There are many different versions of the story of Sequoyah and his syllabary, but most point to Sequoyah as the creator of the written Cherokee language. The syllabary is not an alphabet; rather, each symbol stands for a syllable in the Cherokee language. Sequoyah began experimenting with his syllabary around 1809 and introduced it to tribal elders in 1821. Despite a few revisions over the years, the majority of Sequoyah's syllabary is still in use today.

This lesson will model the evolution of the Cherokee language from oral to written. In the first part of the lesson, the teacher tells the story of Sequoyah and his creation of the Cherokee syllabary in an interactive style. In the second part of the lesson, the students recreate the story in written form using "talking leaves."


    Download Lesson Materials (PDF)

  • Sequoyah Narrative
  • Talking Leaves
  • Tape or magnets
  • Modern Cherokee Syllabary (in a display format)
  • Modern Cherokee Syllabary (for extension; one copy for each student)
  • Sequoyah Statue handout (for extension)

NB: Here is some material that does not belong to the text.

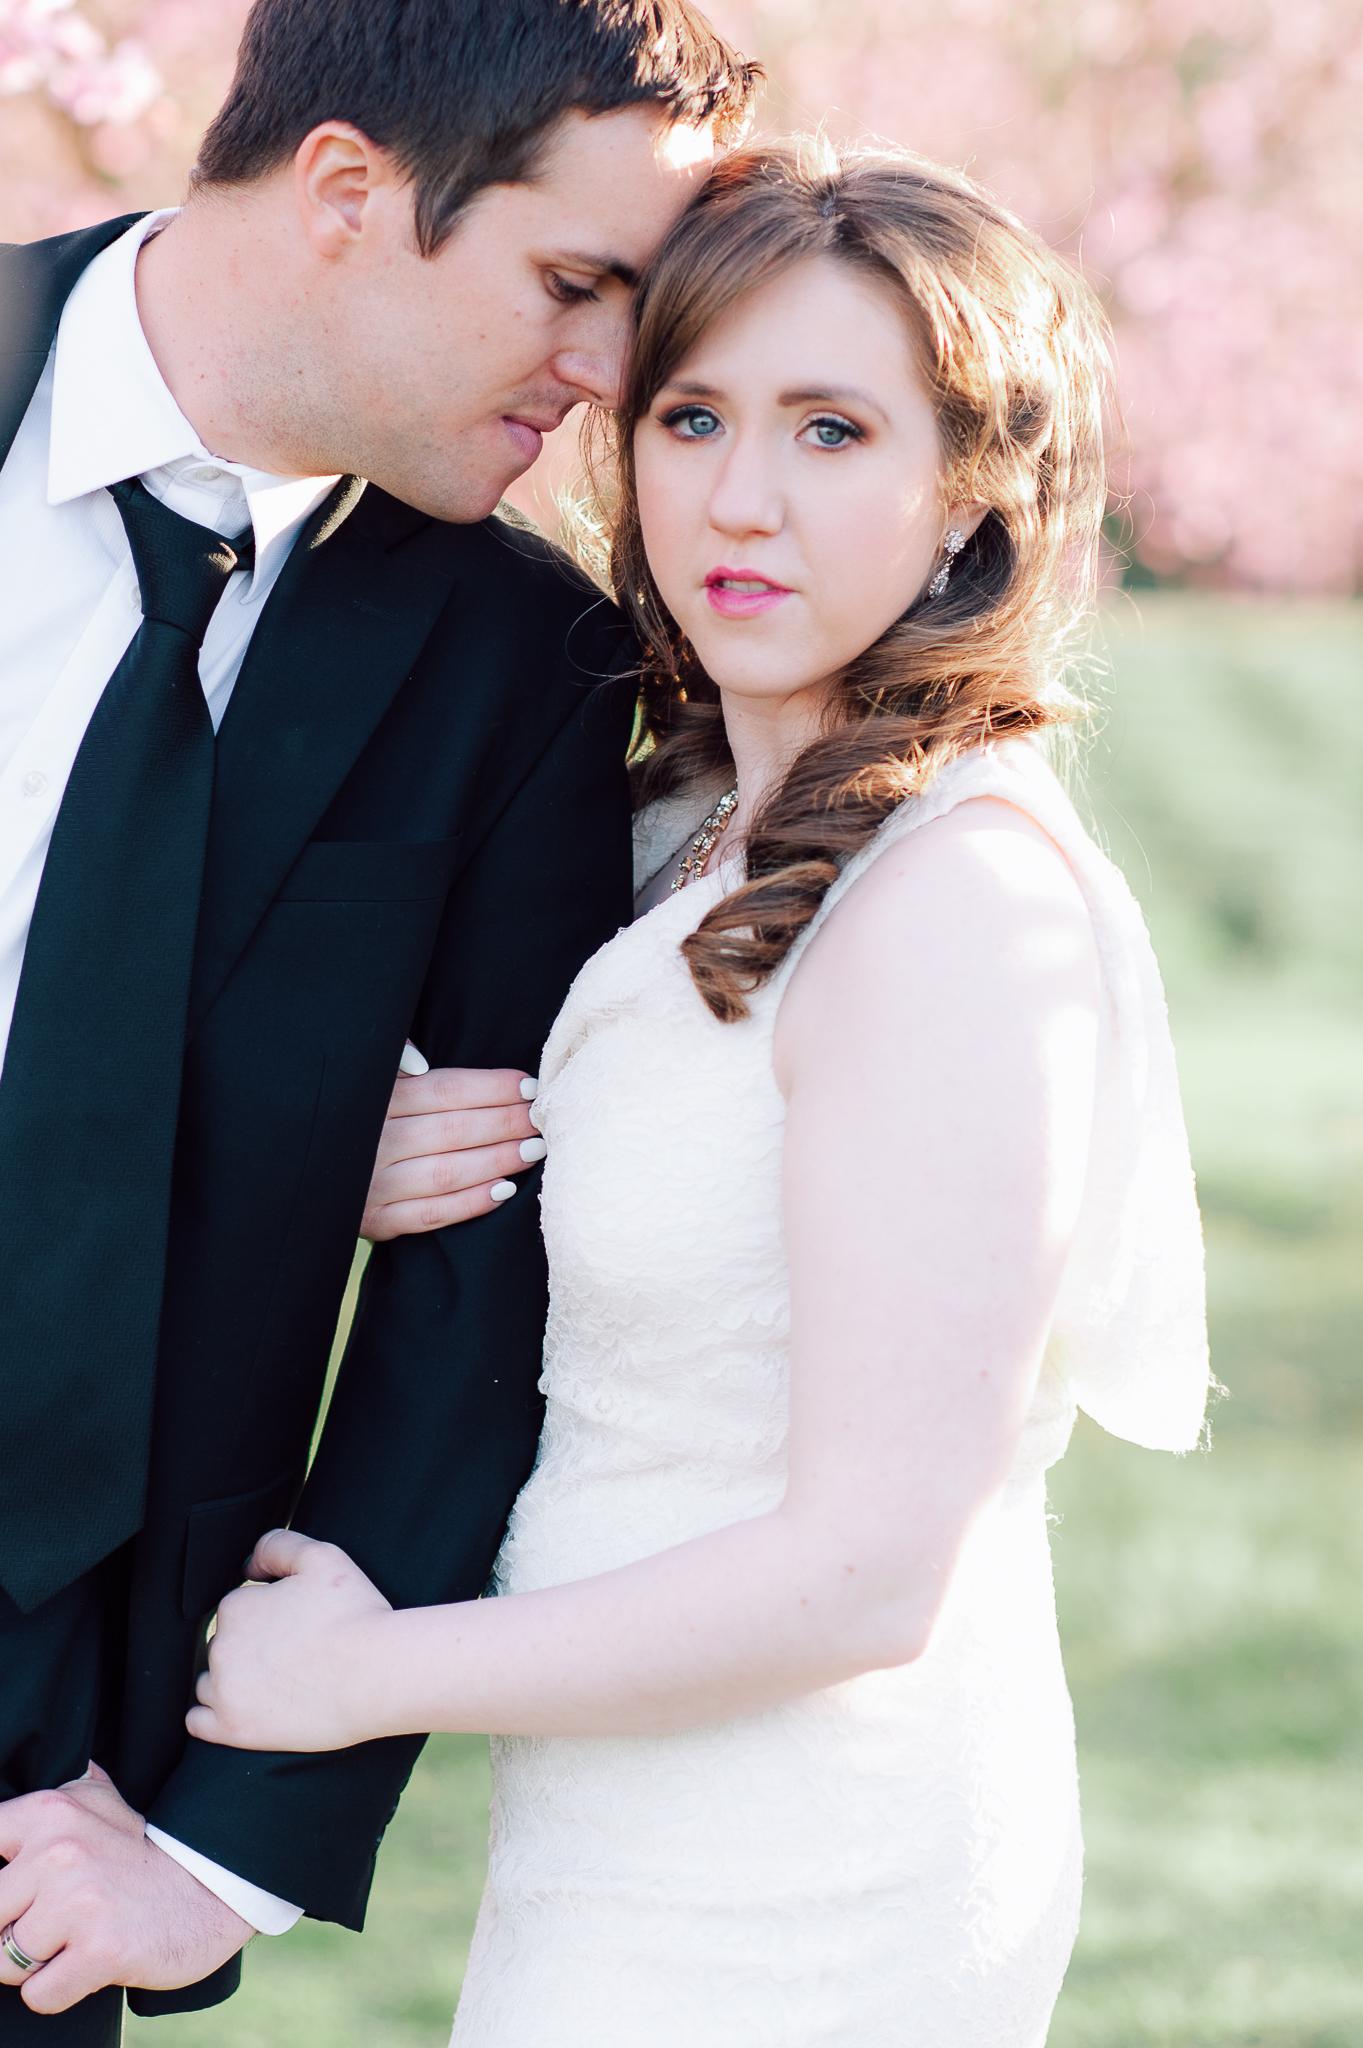 springwedding_cherryblossoms_virginiaphotographer_youseephotography_styledshoot (558).jpg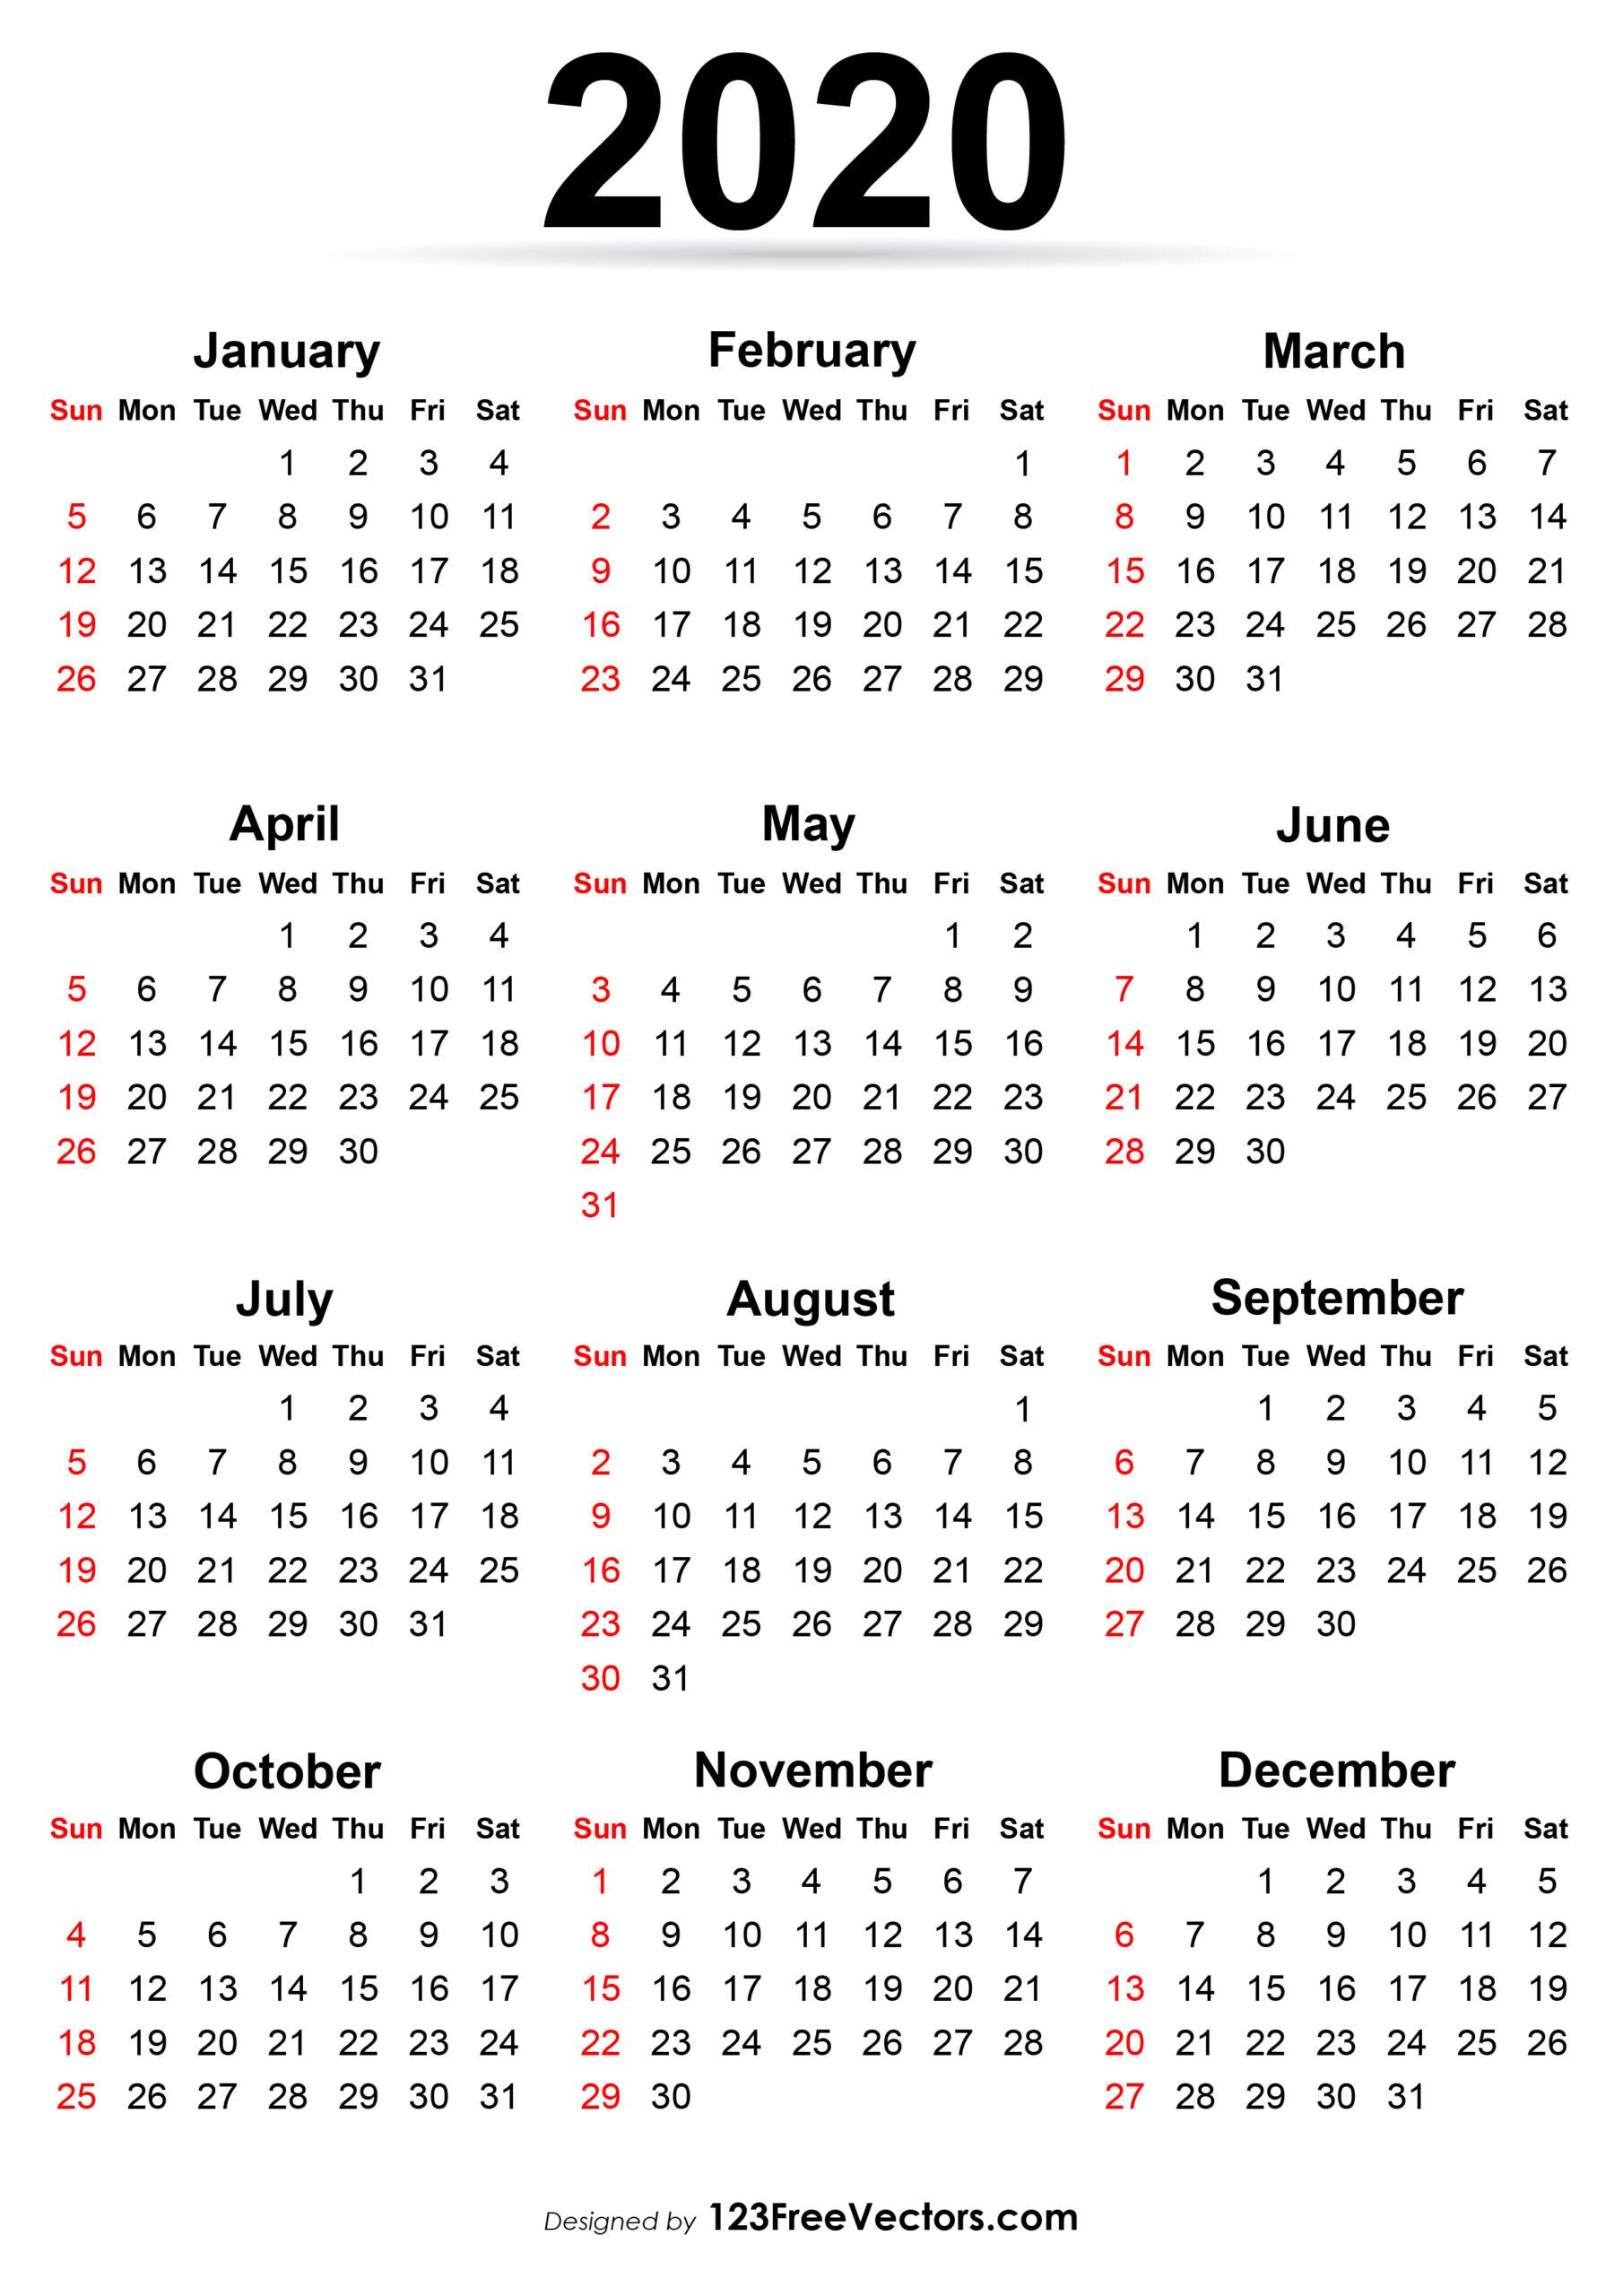 Calendar 2020 To Print | Calendar Printables Free Templates

  1. Prepare for class by reading the "Sequoyah Narrative," noting the highlighted terms. Before class begins, draw a large outline of a tree on the board.
  2. Introduce the lesson by explaining to students that they will be helping to tell a story using "talking leaves." The story is about an important Cherokee man named Sequoyah.
  3. Give each student a Talking Leaf (depending on the size of the class, some students may be given two). On each leaf is a word that is found in the Sequoyah Narrative. Explain that the leaves are from the yellow poplar tree, the state tree of Sequoyah's home state, Tennessee. (Although the Sequoia redwood in California is named after Sequoyah, he wouldn't have seen any in his lifetime.)
  4. Read the Sequoyah Narrative aloud to the class. When you come to one of the words on the Talking Leaves, the student who has that leaf should place it on the tree using the tape or magnets. Ask the students to place their leaves in sequential order on the tree, starting at the top and working down toward the bottom.
  5. After all of the Talking Leaves have been placed on the tree, call on students to retell the story orally in a collaborative manner using the tree on the board as guidance. For example, students could take turns making up sentences containing one or two words from the Talking Leaves.
  6. Tell students that before the Cherokee had the syllabary, they told all their stories orally and that's how they remembered their history. Point out that the story the class told changed a little in the retelling, an inherent feature of oral storytelling. Sequoyah's syllabary helped stories and histories be written down, which kept not only the stories and history but the Cherokee language alive. Display the Modern Cherokee Syllabary on an overhead projector, computer and projector, or interactive whiteboard.
  7. After the discussion, ask the students to retell the story in written form, referring to the tree for guidance. Allow them sufficient time to write and edit their story.
  8. If time permits, students can share their written stories with the class.

Lesson Extensions

  1. Give students a copy of the Modern Cherokee Syllabary. Show them the symbols that spell Sequoyah and Tsalagi (the Cherokee word for "Cherokee"). Allow students to experiment with their own names by finding the symbols that represent the sounds in their names.
  2. Show students the picture of the statue of Sequoyah that is located in the US Capitol's National Statuary Hall Collection. Ask students to write a brief summary of Sequoyah's accomplishments that could be written on a plaque and placed on the bottom of the statue.